El último sol no le dijo: soy el último sol.
Nada le previnieron.
El agua resbaló sobre su cuerpo y él no supo
que era el modo en que el agua
decía: adiós. No supo.
Nadie le dijo nada.
Cuando llegó la noche, llegó para quedarse.
Y él no lo supo nunca.
*
A la hora final
cada uno tendrá su pequeño paisaje
para borrar con él esa penumbra
de habitación de enfermo.
Este trozo de río no está mal, por ejemplo,
para guardarlo así: las costas verdes
rodeándolo, brillante, silencioso.
Y son dos movimientos:
mientras el bote avanza
sin ruido, hacia delante,
la imagen, al contrario,
va hacia atrás, silenciosa,
abriendo el pensamiento
y ancla profundamente.
Cuando toque soltar amarras
de una vez para siempre
el viajero no habrá de ver los muros
–frascos, cama, remedios–
sino este río inmóvil
bajo la luz del sol, resplandeciente.
Dos notas, sin embargo, distinguen la poesía de Circe Maia y hacen de su lectura una experiencia seductora, una de las más hospitalarias en nuestro idioma. Por un lado, el correlato mítico o literario, préstamo de sus amados poetas griegos que asoma de manera ocasional para dar profundidad (temporal, imaginativa) a la reflexión del poema. Así «Visita del arcángel Gabriel» o «Prometeo (de un cuento de Kafka)», donde el mito, además, se lee al trasluz de su reelaboración contemporánea. Por otro, el tono suelto, casi conversacional de los poemas, esas «palabras de familia» con que se desgranan y envuelven al lector. Digo «envuelven» porque, en efecto, algo tienen de confidencia, de palabras que dan vueltas en torno a un núcleo vacilante, hecho de preguntas y breves apartes que simulan el compás del monólogo interior: hay exclamaciones, comienzos elípticos o in medias res, interpelaciones que buscan, tal vez, la complicidad del lector…

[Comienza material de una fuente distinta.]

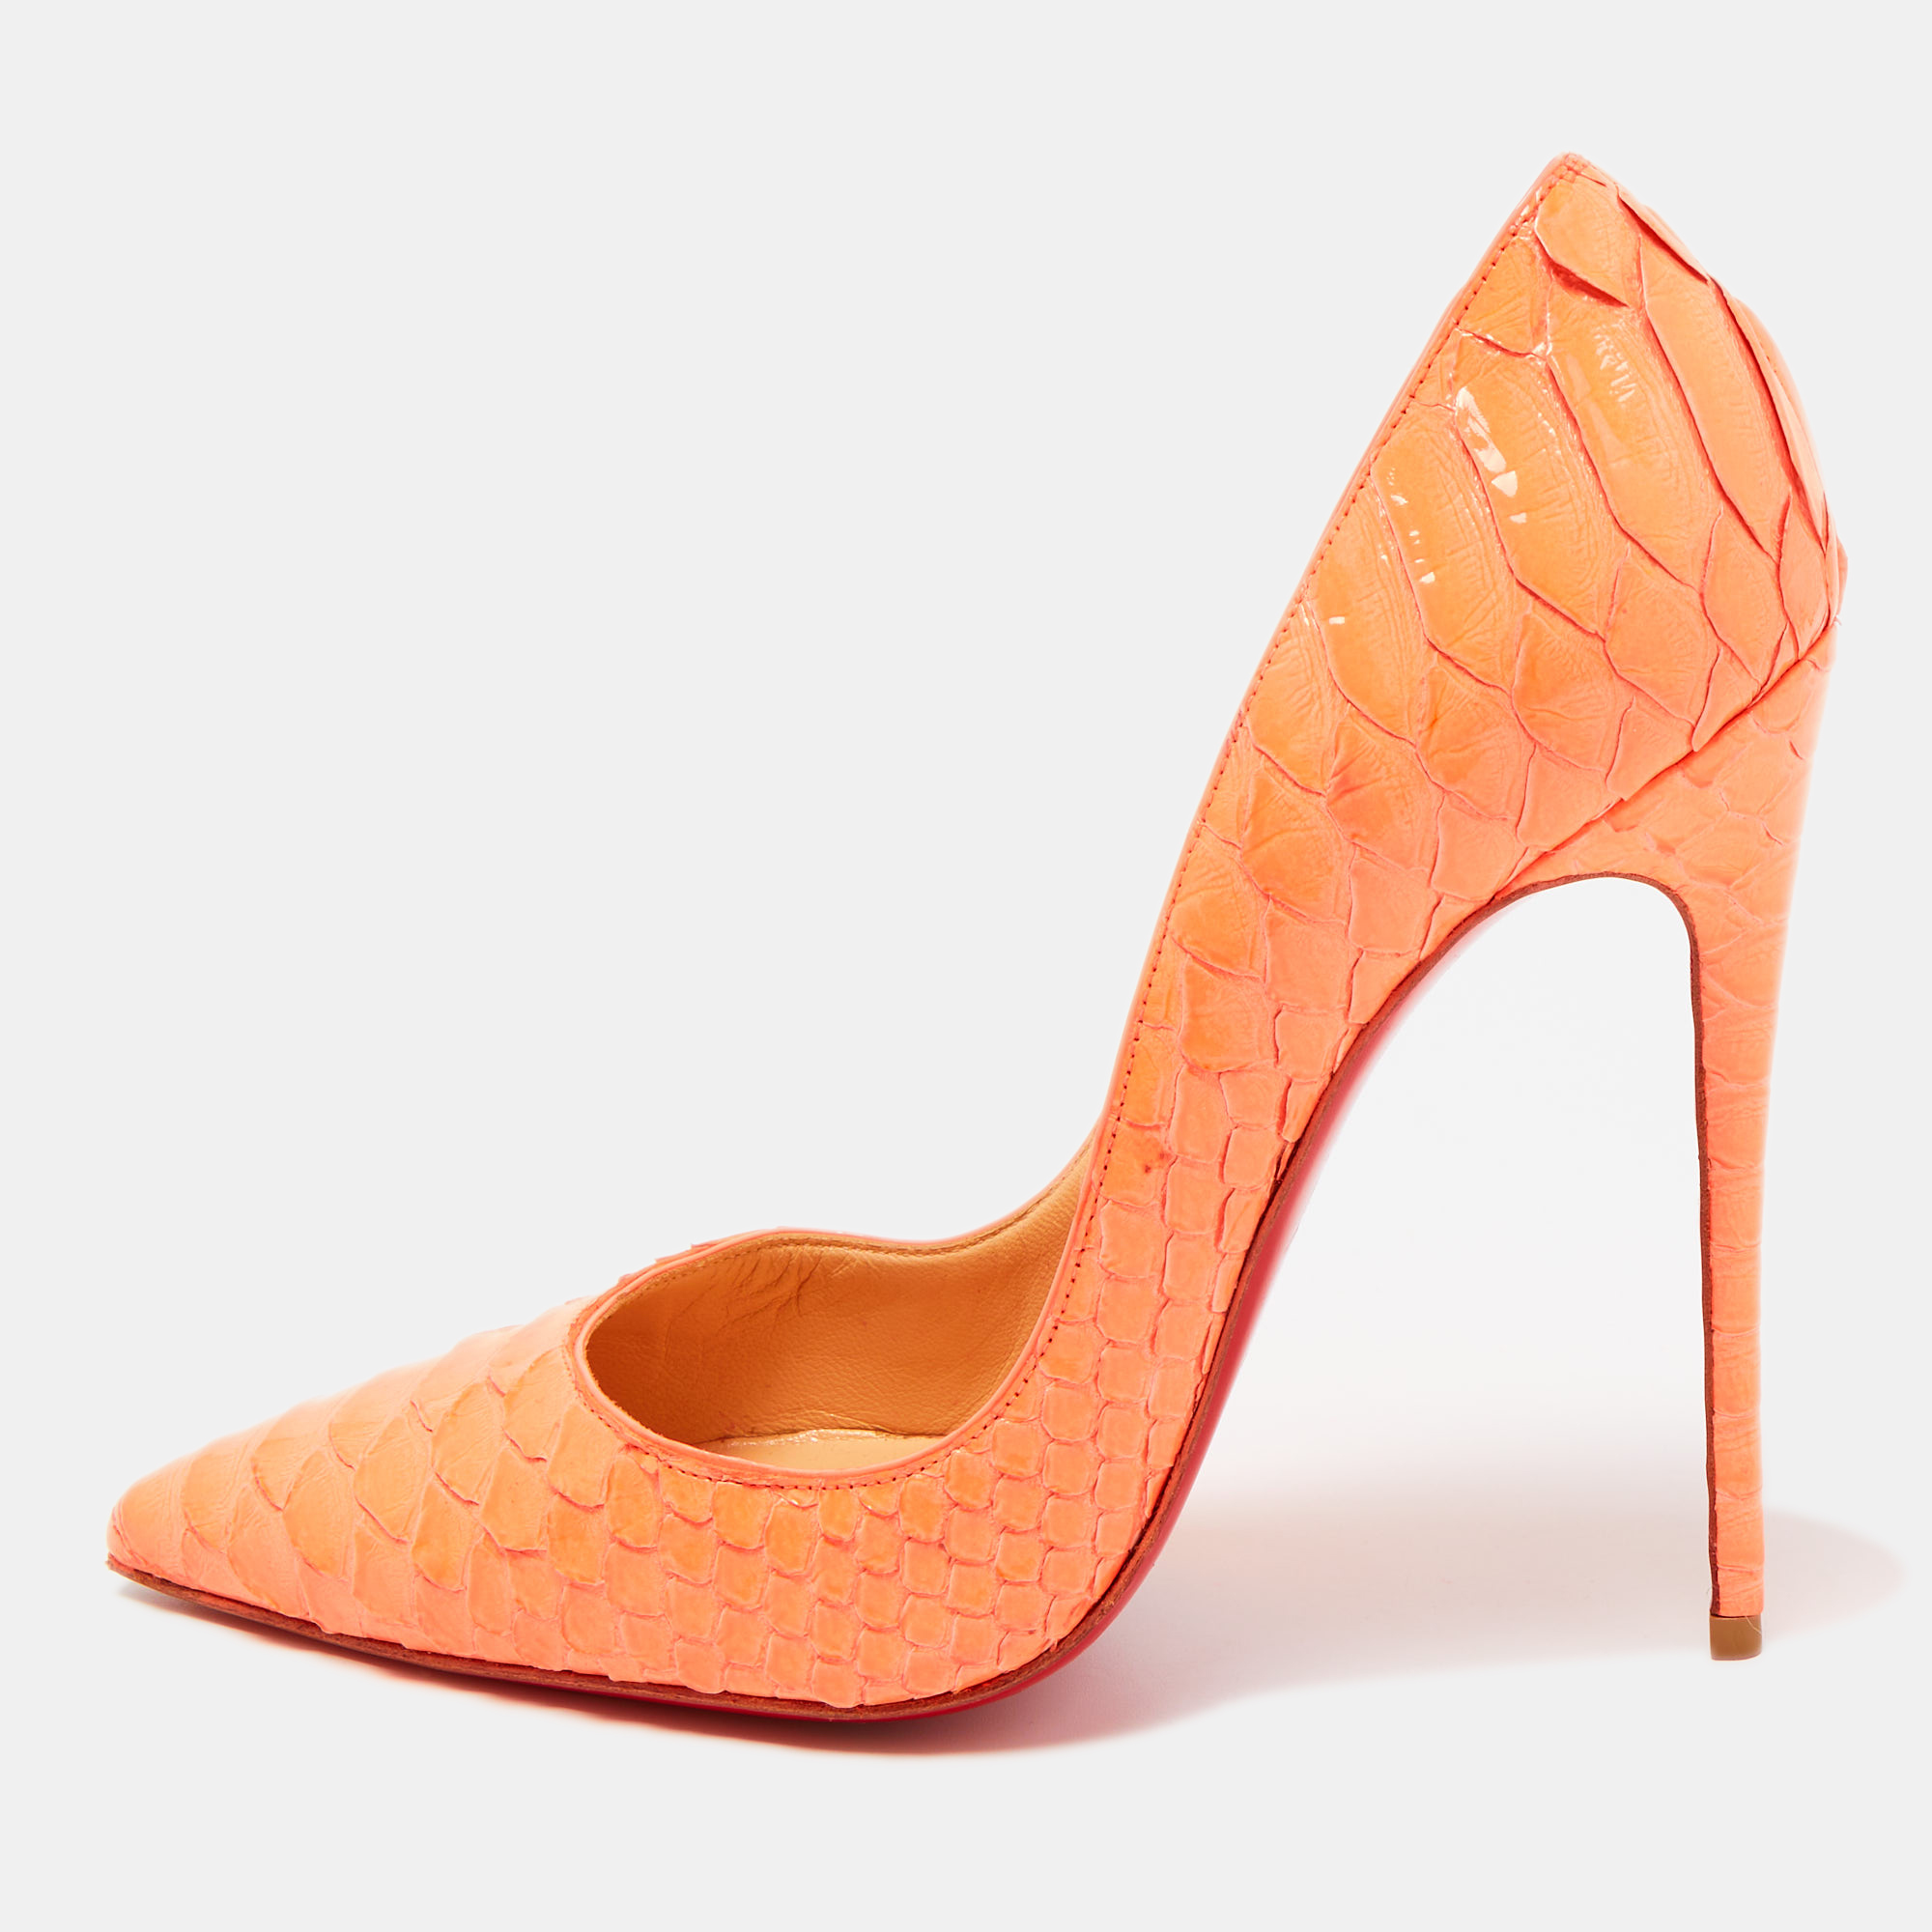 Christian Louboutin Neon Orange Python So Kate Pumps Size 39

El resultado es una poesía que habla como ninguna otra en nuestro
idioma. Una aleación en la que resuena el legado del simbolismo, de Juan Ramón
en adelante, y el metal afectuoso, abierto y hasta algo didáctico de una voz
familiar que sabe, con Teresa de Jesús, que Dios anda entre fogones: el hogar,
los niños, los afectos cercanos y las rutinas domésticas son otros tantos espacios
de la iluminación que comparecen en sus poemas y propician el salto meditativo.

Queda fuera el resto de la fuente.